Xeriscape has such a negative connotation for some people that other user-friendly landscaping terms are popping up to replace it, such as sustainable, water-wise, natural landscaping, earth-friendly, or smartscaping. Regardless of label, the seven principles are worth understanding and implementing. In the arid Southwest, the water conservation aspects are particularly important, although there are other advantages as well. Mulching reduces soil erosion, maintains soil moisture, thus conserving water, and inhibits weed germination, which in turn reduces herbicide use. Reduced chemical use reduces groundwater pollution. That's a lot of bang for your mulching buck.

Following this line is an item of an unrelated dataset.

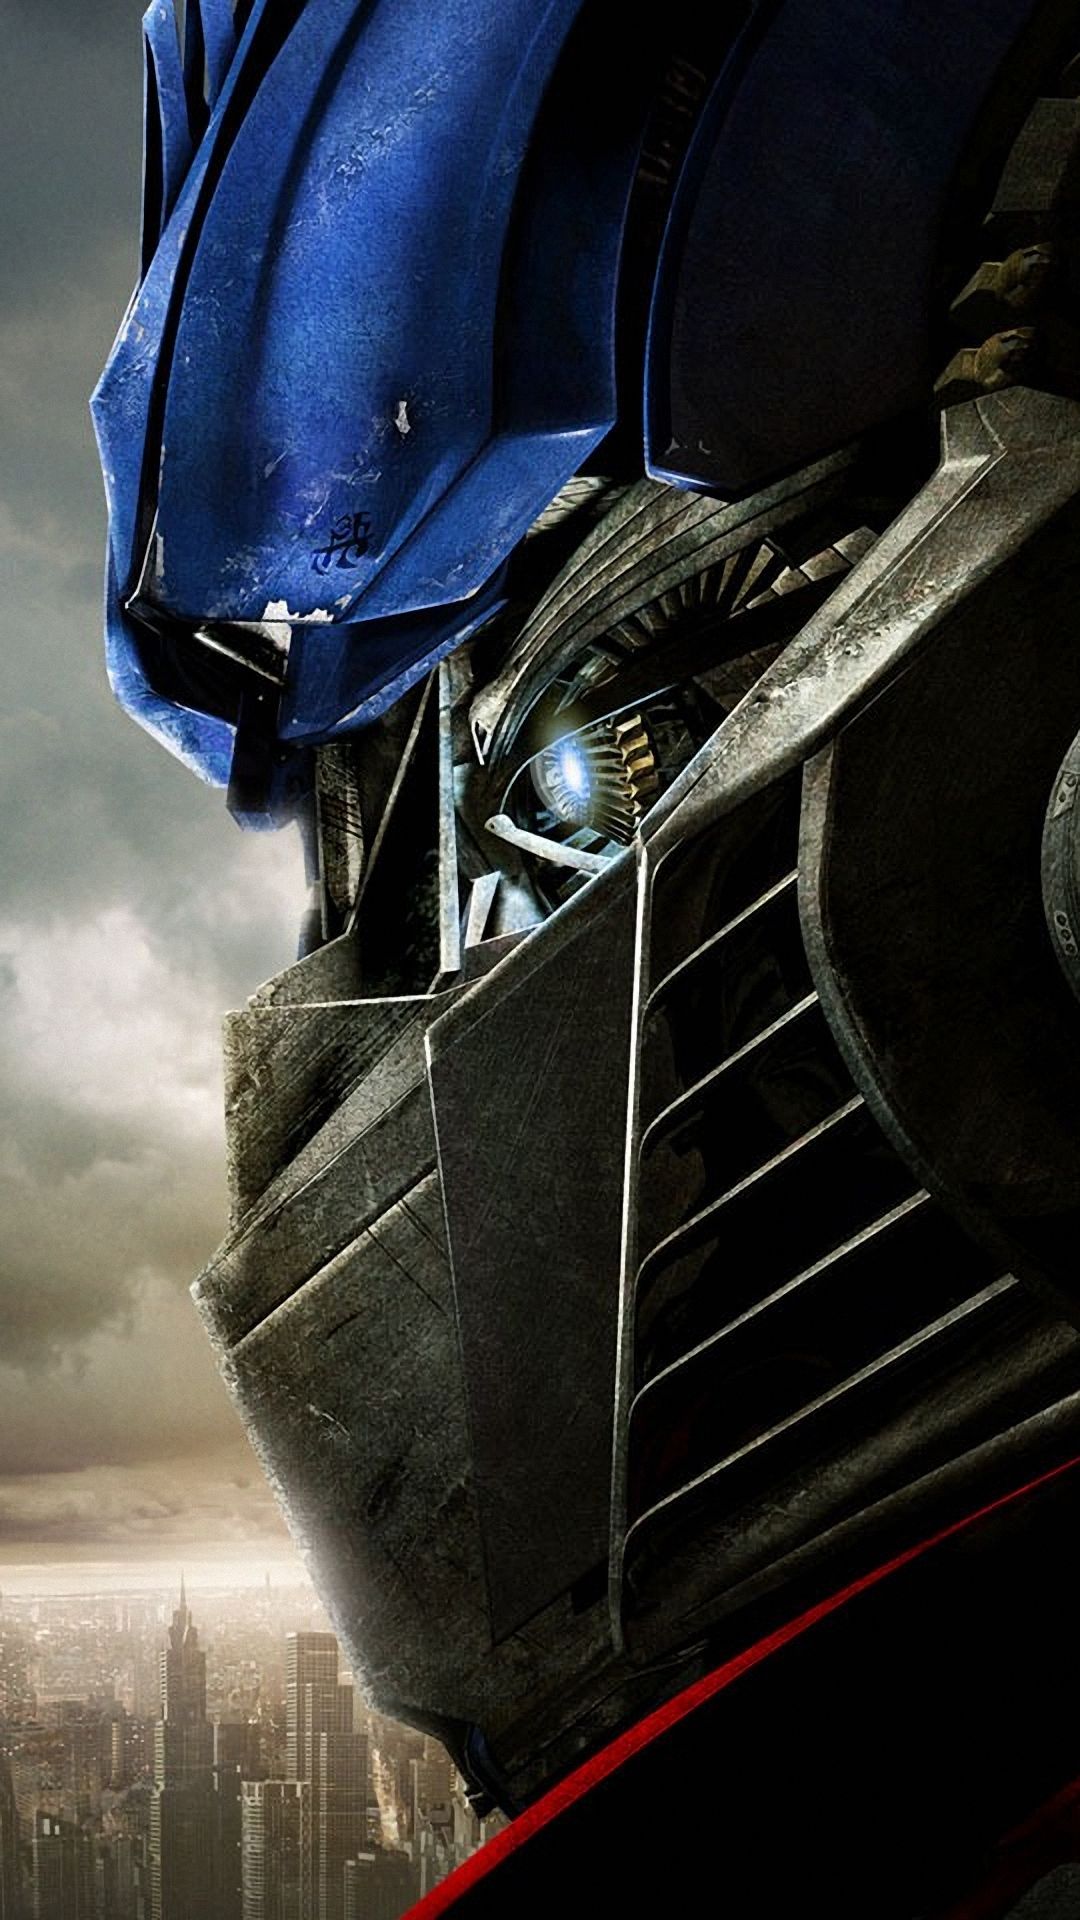 Transformers HD Wallpaper For Mobile Gallery
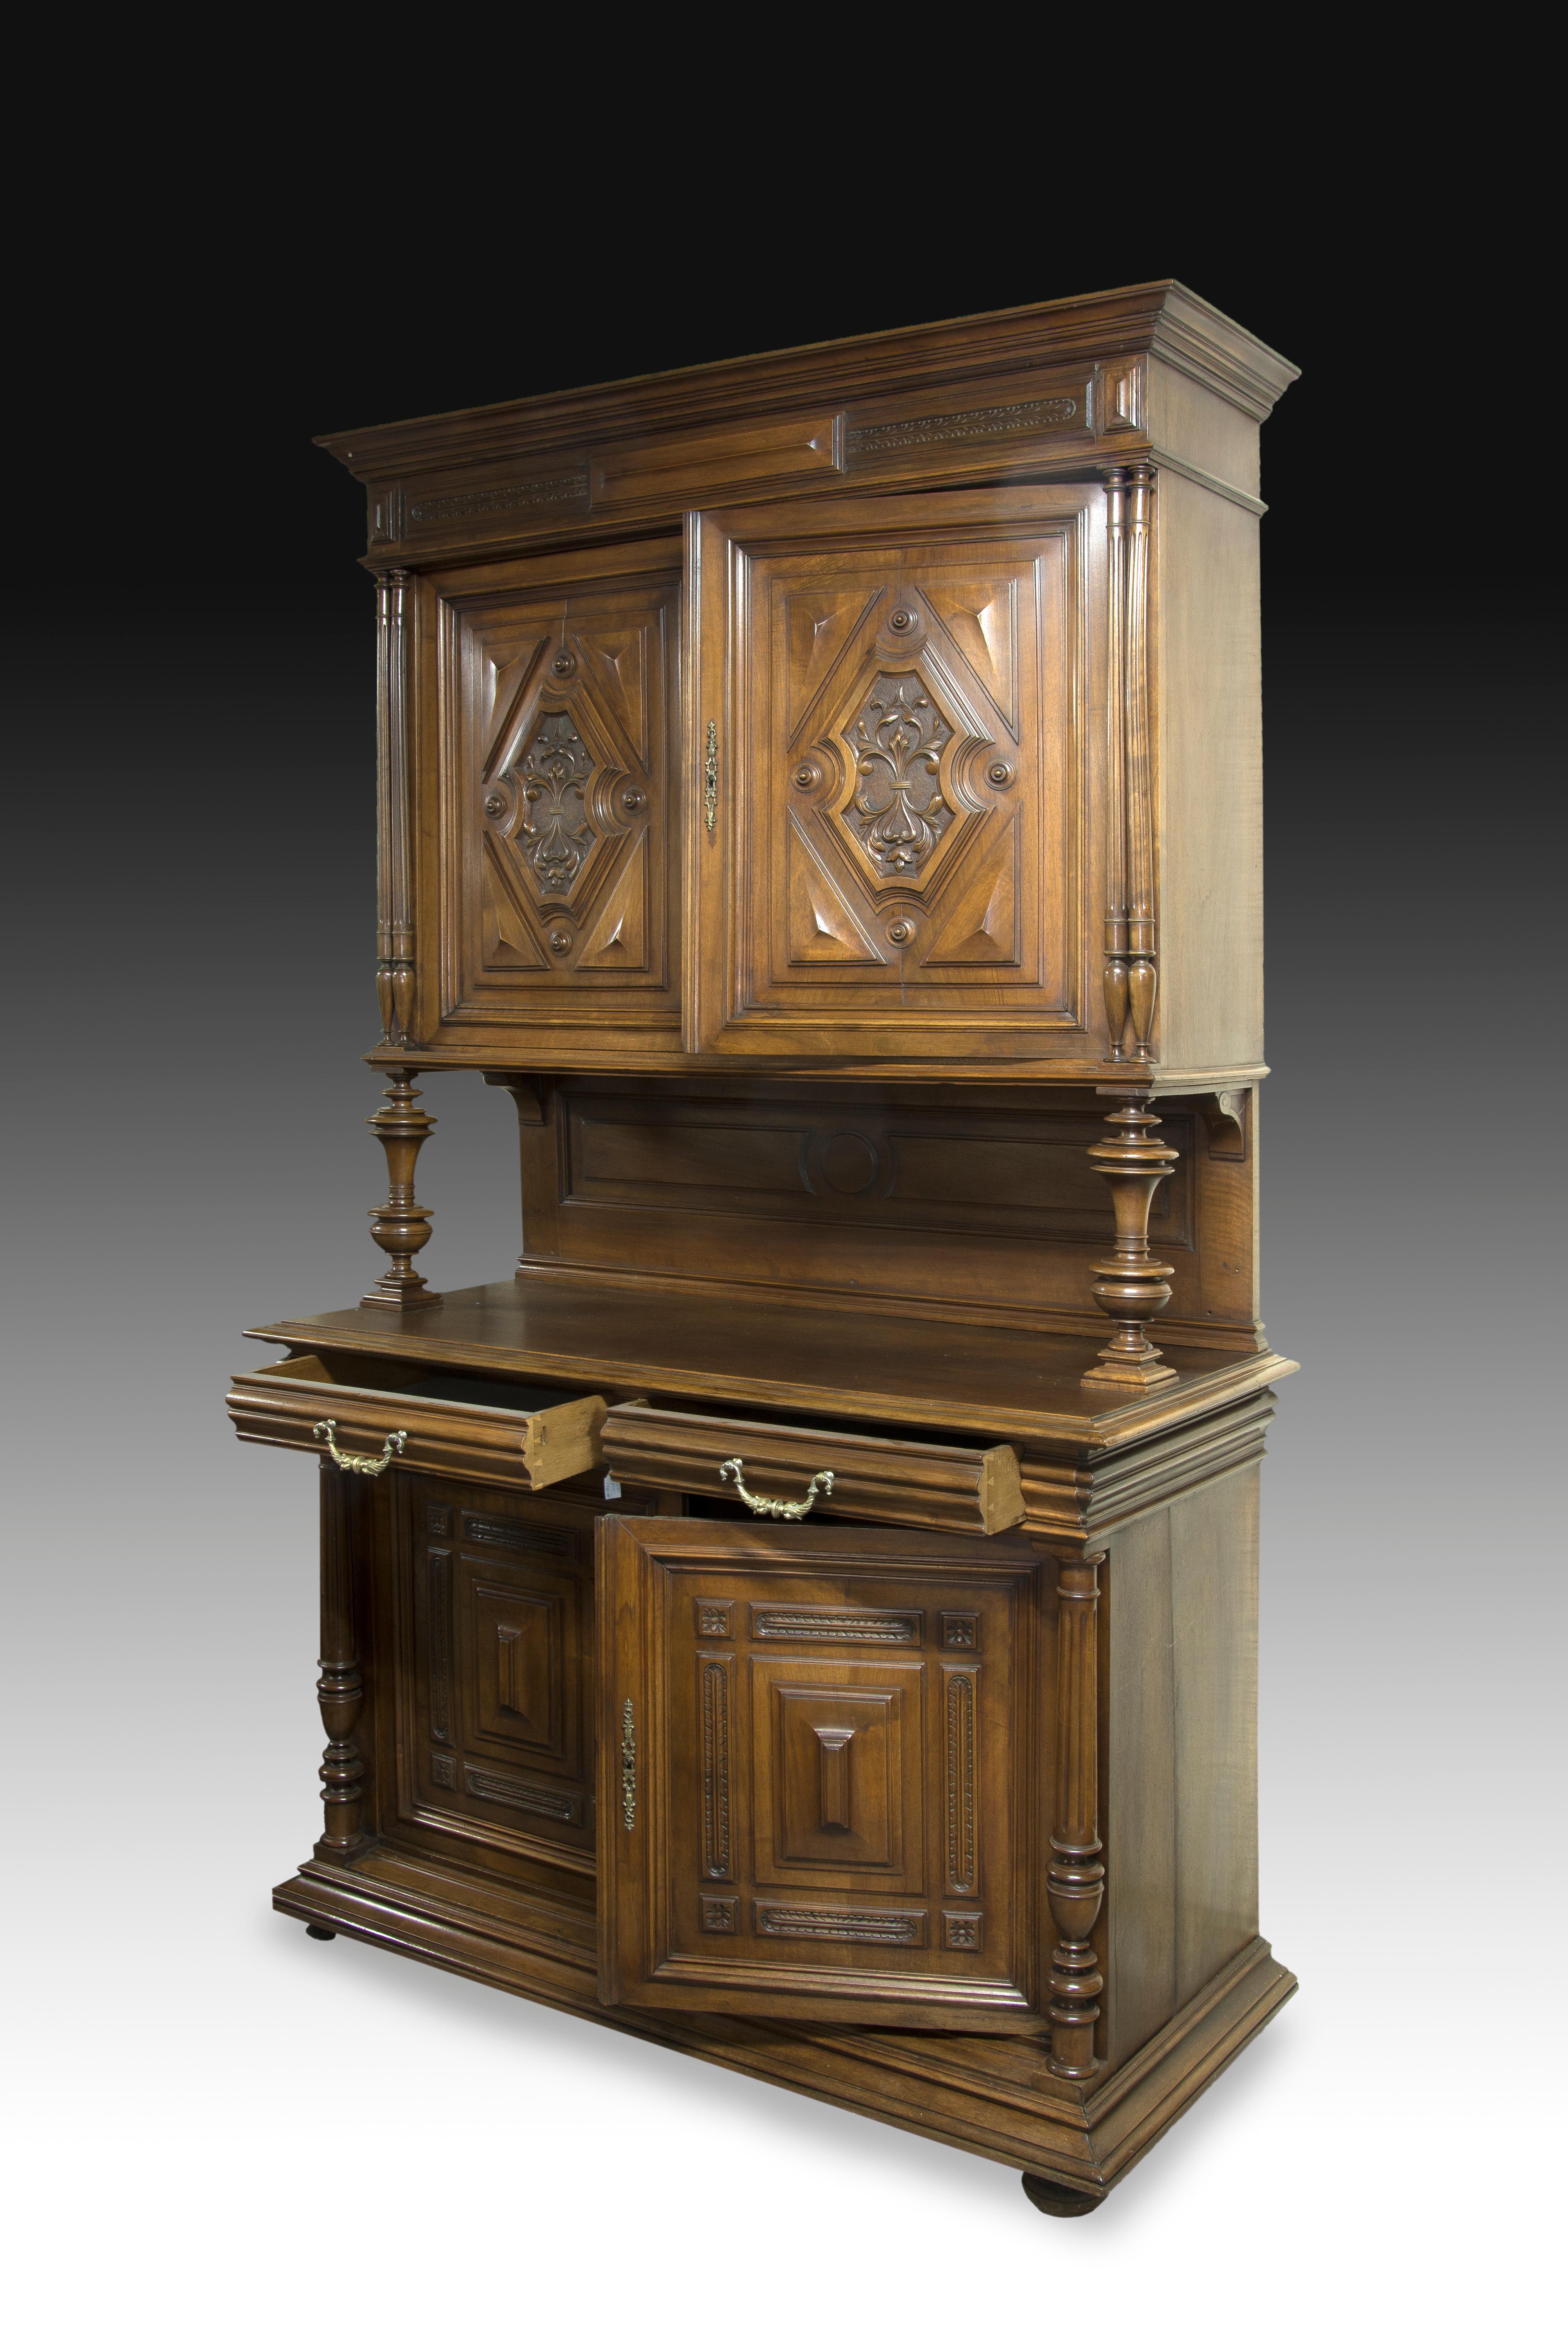 Walnut wood sideboard with two doors on the top decorated with reliefs (rhombuses, triangles panels, symmetrical vegetal composition, etc.), a space in the central area with two vase-shapped pieces and with discs on the sides , and lower area with

If starting from scratch, the seven principles listed below provide an excellent framework to guide you during initial design and plant selection through to long-term maintenance. However, converting to a xeriscape mindset doesn't mean you have to rip up an existing landscape and begin anew. Rather, consider how to make small changes gradually that will add up to a larger impact over time. Typically, that impact will put more dollars in your pocket (less money spent on utility bills or replacing inappropriate plants that died) and reduce your time spent on maintenance chores.

Xeriscaping's 7 Principles
1. Start with planning and design.
2. Decide on appropriate use for and size of turf area, if any.
3. Choose well-adapted, water-thrifty plants for appropriate sites.
4. Understand how to irrigate efficiently and design the irrigation
5. Determine which, if any, soil amendments are needed.
6. Use mulch.
7. Prune, fertilize, water, and maintain as needed.

In upcoming reports, I'll cover each of the seven principles in detail. And I'd love to hear how xeriscape (sustainable, water-wise, earth-friendly, or whatever you name it) principles work in your yard!